The solution of the medicinal globule (and it is rarely necessary
to use more than one globule) of a thoroughly potentized medicine
in a large quantity of water can be obviated by making a solution
in only 7-8 tablespoons of water and after thorough succussion of
the vial take from it one tablespoon and put it in a glass of water
(containing about 7 to 8 spoonfuls), this stirred thoroughly and
then given a dose to the patient. If he is unusually excited and
sensitive, a teaspoon of this solution may be put in a second glass
of water, thoroughly stirred and teaspoonful doses or more be given.

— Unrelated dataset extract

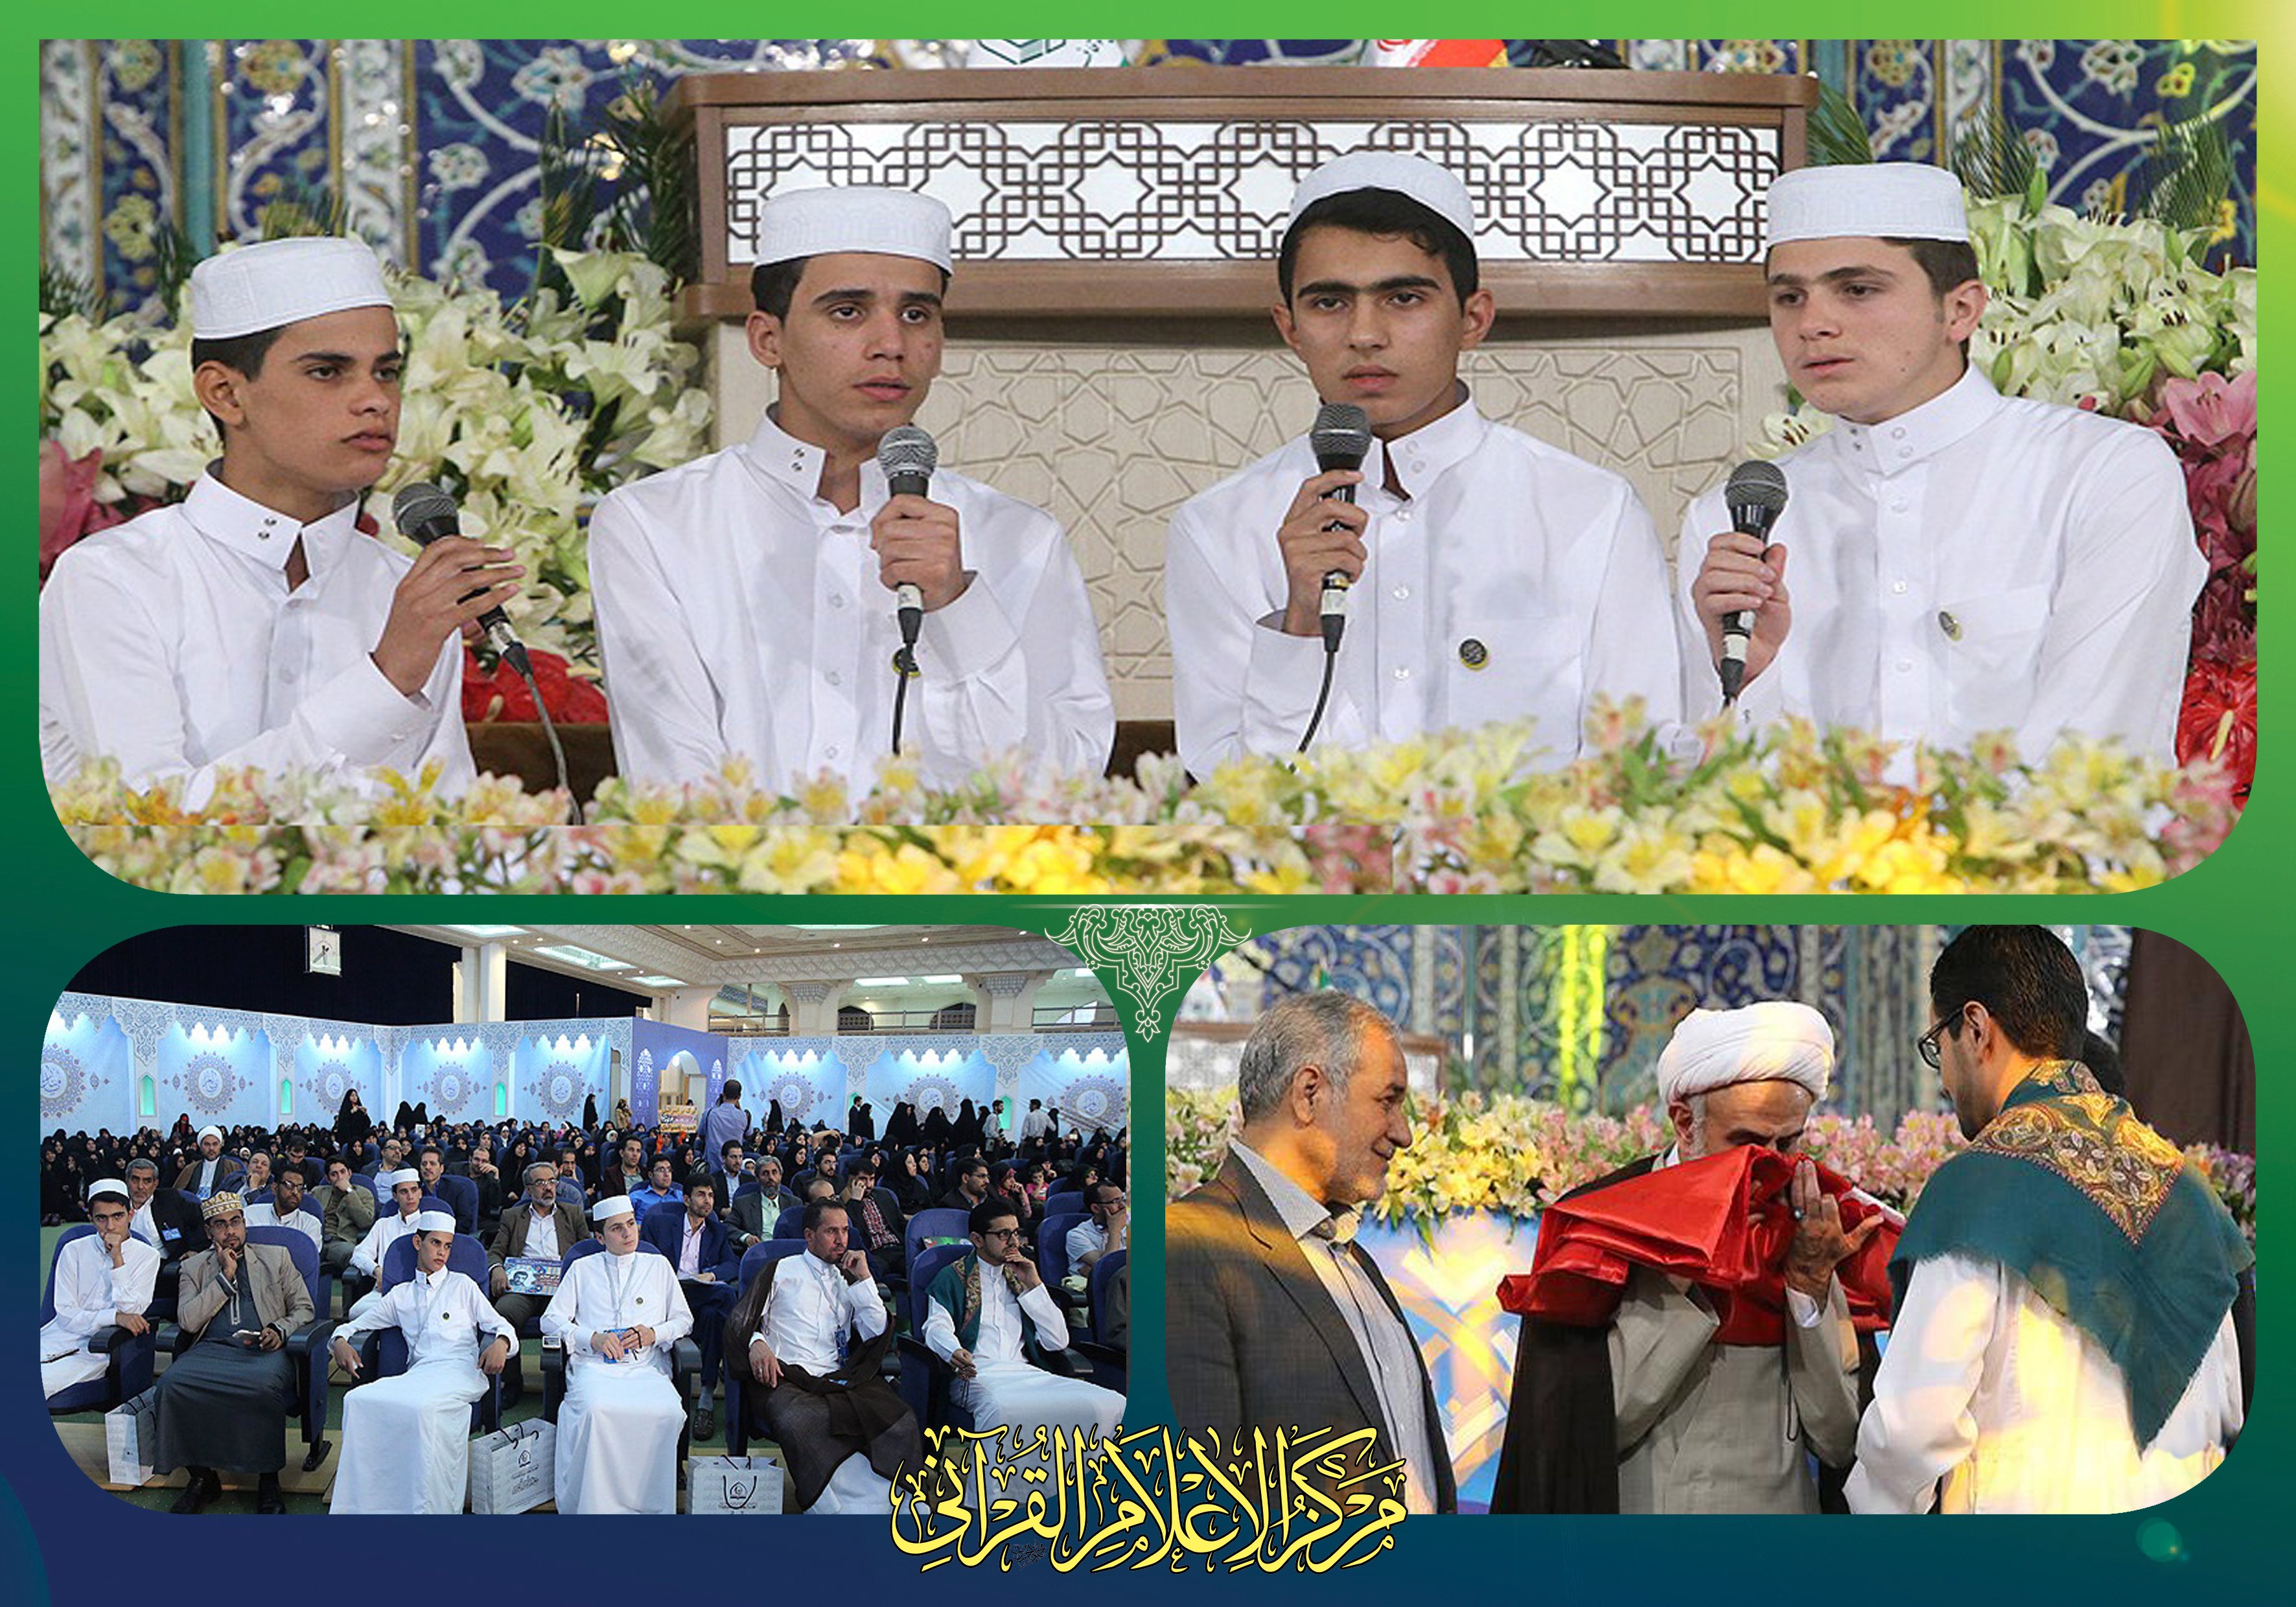 وفد معهد القرآن الكريم يشارك في فعاليات الدورة الثالثة والثلاثين لمسابقات حفظ وتلاوة القرآن الكريم في إيران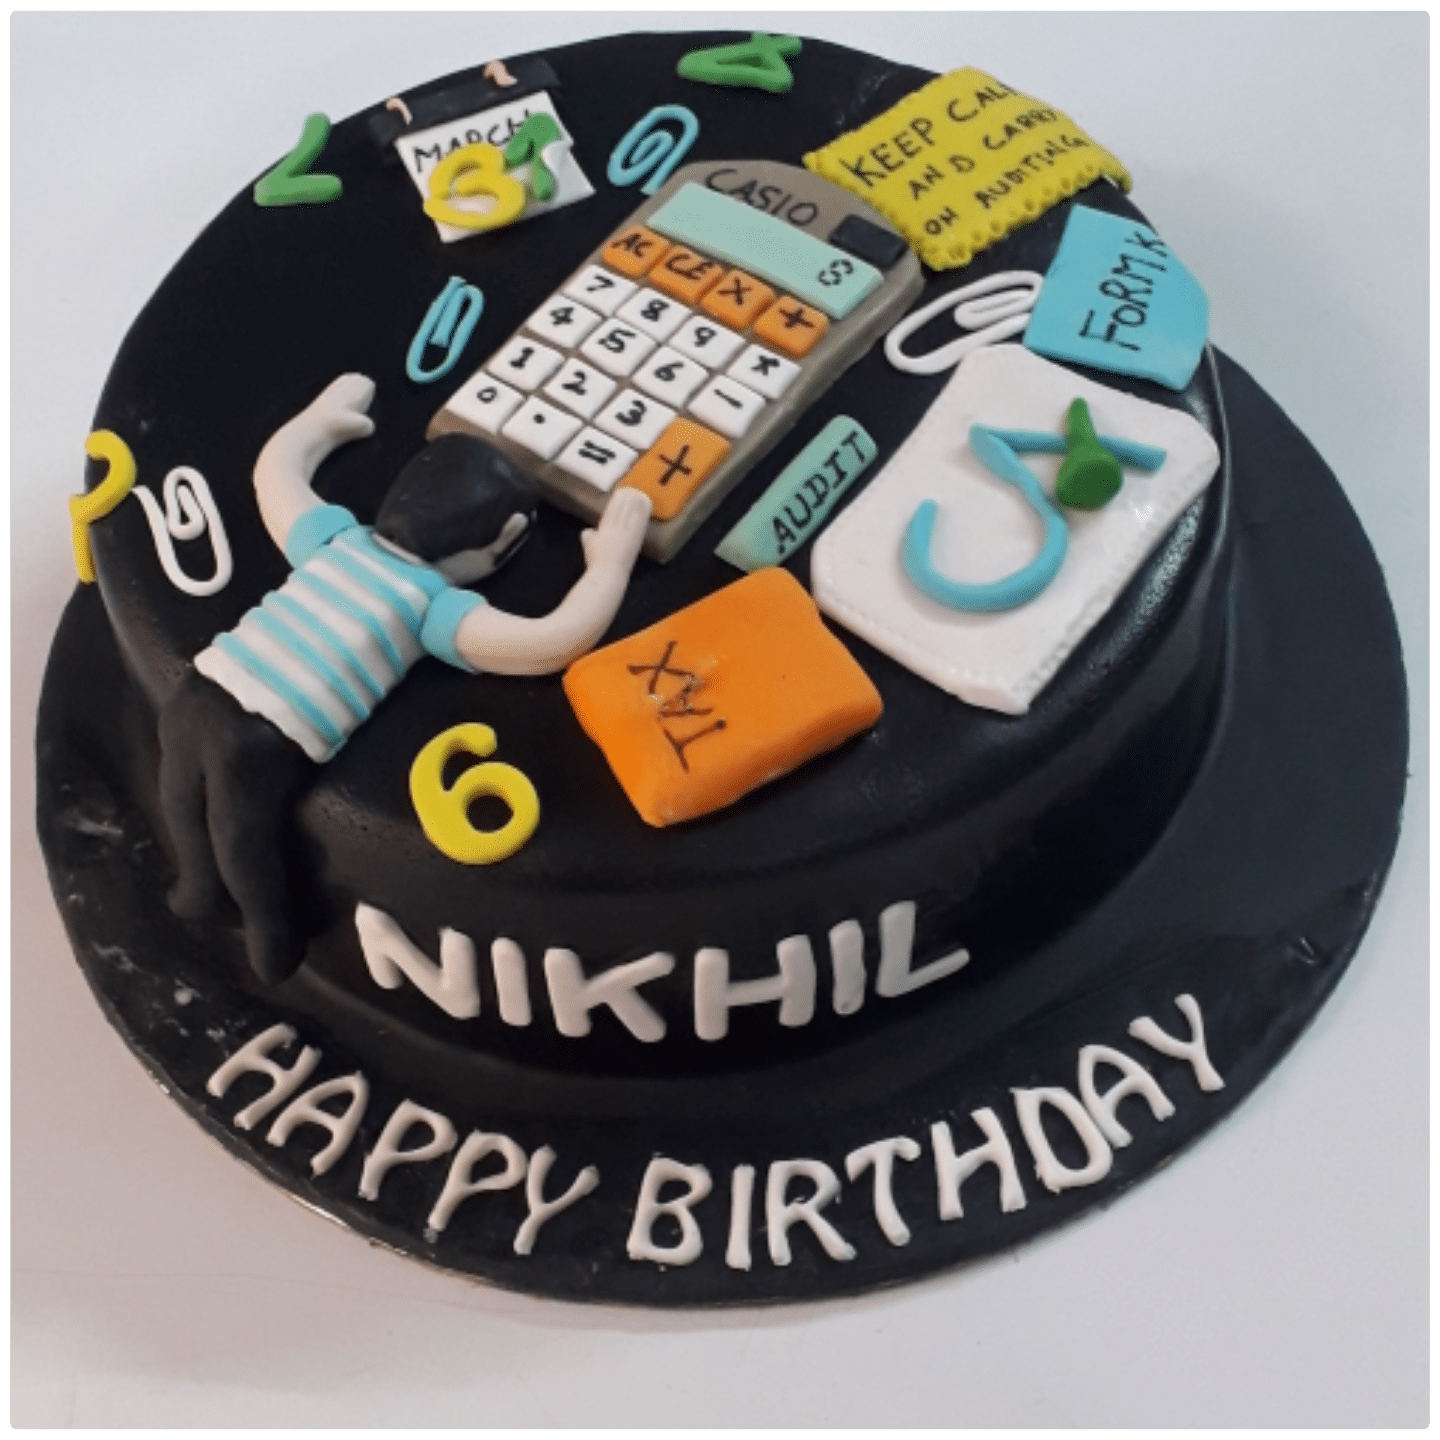 pubg birthday cake design ideas decorating tutorial video | Cake designs  birthday, Cake design, Cake designs

There are patients of so great sensitiveness that a third or fourth
glass, similarly prepared, may be necessary. Each such prepared
glass must be made fresh daily. the globule of the high potency
is best crushed in a few grains of sugar of milk which the patient
can put in the vial and be dissolved in the requisite quantity of
water.
§ 249
Every medicine prescribed for a case of disease which, in the course
of its action, produces new and troublesome symptoms not appertaining
to the disease to be cured, is not capable of effecting real improvement,1
and cannot be considered as homoeopathically selected; it must,
therefore, either, if the aggravation be considerable, be first
partially neutralized as soon as possible by an antidote before
giving the next remedy chosen more accurately according to similarity
of action; or if the troublesome symptoms be not very violent, the
next remedy must be given immediately, in order to take the place
of the improperly selected one.2
1 As all experience shows that the dose of
the specially suited homoeopathic medicine can scarcely be prepared
too small to effect perceptible amelioration in the disease for
which it is appropriate (§§ 275-278), we should act injudiciously
and hurtfully were we when no improvement, or some, though it be
even slight, aggravation ensues, to repeat or even increase the
dose of the same medicine, as is done in the old system, under the
delusion that it was not efficacious on account of its small quantity
(its too small dose). Every aggravation by the production of new
symptoms - when nothing untoward has occurred in the mental or physical
regimen - invariably proves unsuitableness on the part of the medicine
formerly given in the case of disease before us, but never indicates
that the dose has been too weak.
2 The well informed and conscientiously careful
physician will never be in a position to require an antidote in
his practice if he will begin, as he should, to give the selected
medicine in the smallest possible dose. Like minute doses of a better
chosen remedy will re-establish order throughout.
§ 250
When, to the observant practitioner who accurately investigates
the state of the disease, it is evident, in urgent cases after the
lapse of only six, eight or twelve hours, that he has made a bad
selection in the medicine last given, in that the patient’s state
is growing perceptibly, however slightly, worse from hour to hour,
by the occurrence of new symptoms and sufferings, it is not only
allowable for him, but it is his duty to remedy his mistake, by
the selection and administration of a homoeopathic medicine not
merely tolerably suitable, but the most appropriate possible for
the existing state of the disease (§ 167).